In Figure 2, the calculated correlation coefficient has a clear peak on the time axis, with a TOF of 17.36 μs corresponding to the peak. The calculated results were in good agreement with the theoretical settings, so the algorithm is suitable for ultrasonic signal processing in ultrasonic velocity measurements.

3. Theoretical Model between Ultrasonic Velocity and Temperature

Ultrasound is defined as an elastic wave of high frequency that propagates in a medium. Therefore, when an elastic wave propagates in an isotropic medium without being affected by volume stress, the ultrasonic longitudinal wave velocity, denoted as $c_{\mathrm{L}}$, can be found from the following equation:

$$c_{\mathrm{L}}=\sqrt{\frac{E(1-\upsilon )}{\rho (1+\upsilon )(1-2\upsilon )}},$$

(7)

where ρ is density, υ is Poisson’s ratio, and E is Young’s modulus.

Equation (7) indicates that the $c_{\mathrm{L}}$ in the material is mainly related to Young’s modulus, density, and Poisson’s ratio. For ULE glass, within the upper limit of 11.5 wt%, slight changes in the TiO₂ content will not change the density or Poisson’s ratio but will cause changes to Young’s modulus [23]. Therefore, the difference in $c_{\mathrm{L}}$ is mainly determined by the difference in Young’s modulus. Then, the effect of temperature on the ultrasonic velocity essentially reflects its effect on Young’s modulus. The microscopic analysis of Young’s modulus shows that the reaction of a solid to all forces comes from the potential energy of the interaction between atoms. The interaction potential U(r) of a pair of two atoms separated by r can be expressed as:

$$U(r)=-\frac{A}{r^n}+\frac{B}{r^m}\mathrm{,}$$

(8)

where A, B, n, and m are all positive constants. The first term represents the energy of attraction, and the second term represents the energy of repulsion.

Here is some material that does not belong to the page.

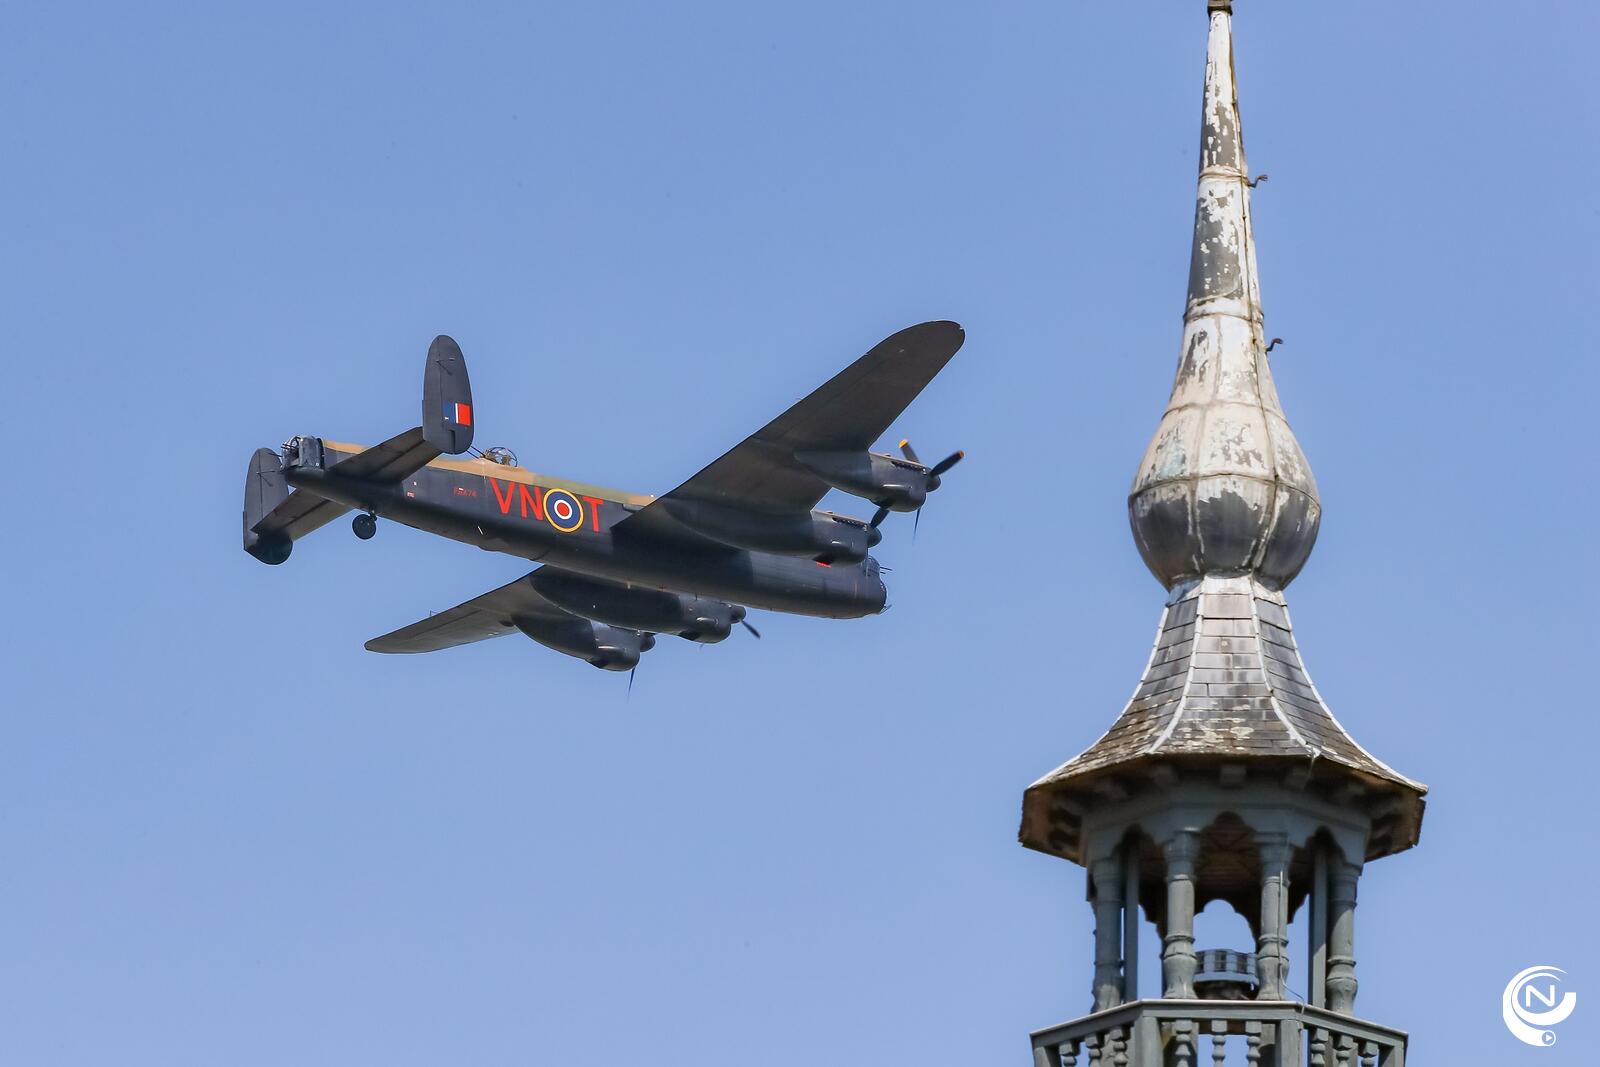 krans Middag eten verder Herdenking WOII : flypast laatste nog vliegwaardige LANCASTER-bommenwerper  boven Gierle | NNieuws

Assuming that the solid is stretched along the crystal axis when the tensile force changes df, the interatomic distance r changes to dr. At this time, the cross-sectional area r² of a unit cell is regarded as inconvenient. Then, Young’s elastic modulus can be expressed as:

$$E=\frac{\sigma }{\epsilon }=\frac{\frac{\mathrm{d}f}{r^2}}{\frac{\mathrm{d}r}{r}}=\frac{\mathrm{d}f}{r\mathrm{d}r}\mathrm{,}$$

(9)

where σ and ε represent the stress and strain, respectively.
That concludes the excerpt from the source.